Task description. Set down exactly the lines below between the line holding "I Love Myself" and the line holding "Longyard Hotel Tamworth", inclusive; no other line belongs in the answer.

Stored items from a collection.
=-=-=-=-=

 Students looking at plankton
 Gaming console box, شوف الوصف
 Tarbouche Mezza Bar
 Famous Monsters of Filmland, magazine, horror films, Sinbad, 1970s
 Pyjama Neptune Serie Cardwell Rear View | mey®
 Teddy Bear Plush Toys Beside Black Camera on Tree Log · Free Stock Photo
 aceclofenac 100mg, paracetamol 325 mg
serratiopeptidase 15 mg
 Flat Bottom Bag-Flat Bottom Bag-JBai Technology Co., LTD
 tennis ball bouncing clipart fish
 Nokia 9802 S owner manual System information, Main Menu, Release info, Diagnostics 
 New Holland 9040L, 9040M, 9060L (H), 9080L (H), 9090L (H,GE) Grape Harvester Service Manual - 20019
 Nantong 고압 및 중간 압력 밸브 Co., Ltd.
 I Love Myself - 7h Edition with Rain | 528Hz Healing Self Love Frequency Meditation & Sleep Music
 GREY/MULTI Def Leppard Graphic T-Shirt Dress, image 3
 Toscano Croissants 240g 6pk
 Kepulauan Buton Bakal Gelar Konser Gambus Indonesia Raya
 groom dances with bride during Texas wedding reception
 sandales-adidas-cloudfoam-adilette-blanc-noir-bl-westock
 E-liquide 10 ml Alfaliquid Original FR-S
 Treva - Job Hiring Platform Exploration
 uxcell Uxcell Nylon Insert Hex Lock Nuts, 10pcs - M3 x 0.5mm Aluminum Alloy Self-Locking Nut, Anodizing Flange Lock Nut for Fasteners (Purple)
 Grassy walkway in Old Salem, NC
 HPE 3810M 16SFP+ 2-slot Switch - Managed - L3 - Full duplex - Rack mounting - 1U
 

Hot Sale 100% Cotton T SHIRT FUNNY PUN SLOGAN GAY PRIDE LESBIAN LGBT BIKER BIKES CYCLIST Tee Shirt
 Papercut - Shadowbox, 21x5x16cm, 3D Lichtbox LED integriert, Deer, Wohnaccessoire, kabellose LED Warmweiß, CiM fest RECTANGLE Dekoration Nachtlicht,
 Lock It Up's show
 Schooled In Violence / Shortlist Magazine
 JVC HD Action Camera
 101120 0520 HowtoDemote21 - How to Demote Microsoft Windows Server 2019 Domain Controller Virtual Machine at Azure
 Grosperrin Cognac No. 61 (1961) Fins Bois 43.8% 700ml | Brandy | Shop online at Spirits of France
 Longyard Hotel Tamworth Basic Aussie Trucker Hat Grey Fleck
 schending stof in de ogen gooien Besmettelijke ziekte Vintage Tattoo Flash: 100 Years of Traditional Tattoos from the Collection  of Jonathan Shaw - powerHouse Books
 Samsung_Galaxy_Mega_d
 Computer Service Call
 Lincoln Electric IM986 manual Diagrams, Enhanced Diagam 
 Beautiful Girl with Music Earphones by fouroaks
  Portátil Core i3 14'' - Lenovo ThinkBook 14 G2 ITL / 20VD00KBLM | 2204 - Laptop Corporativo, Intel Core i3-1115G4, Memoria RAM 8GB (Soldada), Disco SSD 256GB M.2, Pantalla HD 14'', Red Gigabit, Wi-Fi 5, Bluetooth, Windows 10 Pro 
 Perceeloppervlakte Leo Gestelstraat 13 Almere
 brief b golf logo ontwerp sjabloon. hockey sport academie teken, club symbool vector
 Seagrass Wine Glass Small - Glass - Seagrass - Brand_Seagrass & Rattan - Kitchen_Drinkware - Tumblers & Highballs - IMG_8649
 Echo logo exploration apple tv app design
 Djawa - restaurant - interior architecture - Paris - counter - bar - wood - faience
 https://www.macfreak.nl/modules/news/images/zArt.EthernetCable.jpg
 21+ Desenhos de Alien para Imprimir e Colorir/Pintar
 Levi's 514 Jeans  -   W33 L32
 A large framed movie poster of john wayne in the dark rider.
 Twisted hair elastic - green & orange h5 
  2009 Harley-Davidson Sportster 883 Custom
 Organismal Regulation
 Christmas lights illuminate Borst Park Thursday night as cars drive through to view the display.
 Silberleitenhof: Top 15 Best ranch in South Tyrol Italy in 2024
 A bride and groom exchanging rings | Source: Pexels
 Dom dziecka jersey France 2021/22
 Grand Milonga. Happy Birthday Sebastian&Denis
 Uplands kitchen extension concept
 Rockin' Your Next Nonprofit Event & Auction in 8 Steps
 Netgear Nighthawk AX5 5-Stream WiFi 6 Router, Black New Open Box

=-=-=-=-=

Reply to the exercise.
 I Love Myself - 7h Edition with Rain | 528Hz Healing Self Love Frequency Meditation & Sleep Music
 GREY/MULTI Def Leppard Graphic T-Shirt Dress, image 3
 Toscano Croissants 240g 6pk
 Kepulauan Buton Bakal Gelar Konser Gambus Indonesia Raya
 groom dances with bride during Texas wedding reception
 sandales-adidas-cloudfoam-adilette-blanc-noir-bl-westock
 E-liquide 10 ml Alfaliquid Original FR-S
 Treva - Job Hiring Platform Exploration
 uxcell Uxcell Nylon Insert Hex Lock Nuts, 10pcs - M3 x 0.5mm Aluminum Alloy Self-Locking Nut, Anodizing Flange Lock Nut for Fasteners (Purple)
 Grassy walkway in Old Salem, NC
 HPE 3810M 16SFP+ 2-slot Switch - Managed - L3 - Full duplex - Rack mounting - 1U
 

Hot Sale 100% Cotton T SHIRT FUNNY PUN SLOGAN GAY PRIDE LESBIAN LGBT BIKER BIKES CYCLIST Tee Shirt
 Papercut - Shadowbox, 21x5x16cm, 3D Lichtbox LED integriert, Deer, Wohnaccessoire, kabellose LED Warmweiß, CiM fest RECTANGLE Dekoration Nachtlicht,
 Lock It Up's show
 Schooled In Violence / Shortlist Magazine
 JVC HD Action Camera
 101120 0520 HowtoDemote21 - How to Demote Microsoft Windows Server 2019 Domain Controller Virtual Machine at Azure
 Grosperrin Cognac No. 61 (1961) Fins Bois 43.8% 700ml | Brandy | Shop online at Spirits of France
 Longyard Hotel Tamworth Basic Aussie Trucker Hat Grey Fleck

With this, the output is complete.